A year ago, many economists were predicting a recession in the US and the West, which didn’t occur. It appears that they have over-stated the recessionary impact of higher interest rates.
The turn of the new year saw a flurry of headlines in the economics sections of western news media commenting on how the predictions of esteemed economists from a year earlier were wrong. In December 2022-January 2023, the Federal Reserve and other central banks were completing a series of interest rate rises. This policy took interest rates from zero to around 5%, a policy covering most developed economies.
This prompted warnings that bringing inflation down to its target of 2% with steep rises in interest rates from near-zero would likely bring about a recession.
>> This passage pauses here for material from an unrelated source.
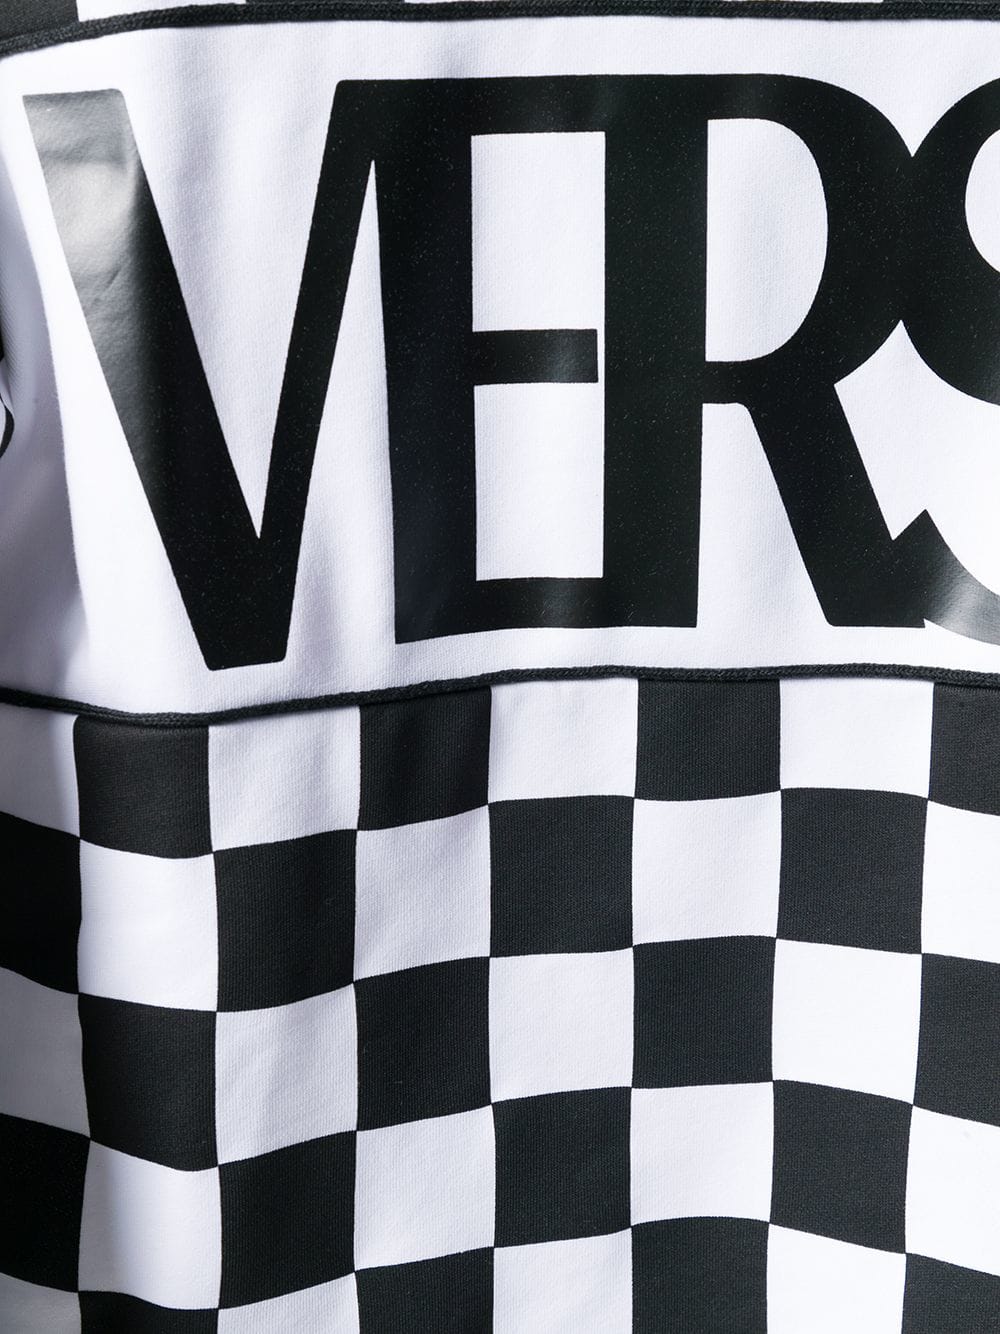 Black and White Checkered Logo - Versus logo checkered sweatshirt B7088 BLACK WHITE luxury HOKOVC

Quantitative easing policies were being unwound. Economists noted an inverted yield curve, combined with rising interest rates, indicators which tend to be a precursor to a recession. But other indicators were showing more positive trends, which seem to have been downplayed or overlooked.
The proportion of economists anticipating a recession in one poll, published in the Financial Times in December 2022, was 85%. It was expected that US unemployment would reach 5.5% by the end of 2023. Yet unemployment ended the year at 3.7%, the same rate as 12 months before. Not only did the US avoid recession, but its growth rate reached 3% – relatively high, by historic standards.
This matters for current policy-making, because the avoidance of a recession gives backing to those in central banks who are arguing that interest rates should not be cut soon.
Jay Powell, chairman of the US Federal Reserve, has signalled that interest rates have peaked, but the indications are that a cut is not imminent – policy-makers are looking for clearer signs that inflationary pressures have subsided. In January Christine Lagarde, President of the European Central Bank, indicated that interest rates would not be cut before the summer.
Until recently, many economists were anticipating successive interest rate cuts during 2024, potentially as many as seven, taking rates below the 4% mark. Now, it would appear that there are likely to be around three, probably in the second half of 2024. This was underlined at the Davos summit on January 17 by Gita Gopinath, first deputy managing director of the IMF, who said central banks should move cautiously.
I think that the IMF and the US and European central banks are correct in their judgement. Inflation has been curbed while a recession has been avoided, so the current policy mix is working. If rates were cut soon, inflation could nudge back upwards, undoing the good work and prompting further rate rises, possibly to a higher level.
Inflation can be caused by supply chain shocks, as well as monetary policy and other factors. This was the case in 2022 when grain prices rose sharply as a result of the Ukraine-Russian conflict affecting export routes in the Black Sea. This pressure has abated but attacks this year on shipping in the Red Sea by Houthi rebels is affecting another important trade route that is adding to the costs of sea freight.
Moreover, the fact that recession has been avoided, with unemployment low and growth high in the world’s largest economy, could itself provide inflationary pressures.
Prior to the succession of interest rate rises in 2022-23, we had a decade of near-zero interest rates. During the period of ultra-low interest rates, there was a considerable allocation of capital into esoteric and risky assets, because returns from bonds and savings accounts were so low. Zombie companies were being kept alive. Higher rates have therefore helped to reallocate investments towards companies with a strong business model and prospects.
Moreover the current level of interest rates is not, by historic standards, high. The argument for more aggressive rate cuts has been that a recession would be too high a price to pay to bring inflation down to its target of 2%. Now inflation is approaching that target without a recession. There may have been some luck involved – for example oil prices staying subdued – nonetheless the terms of debate have to shift.
The author is a Qatari banker, with many years of experience in the banking sector in senior positions.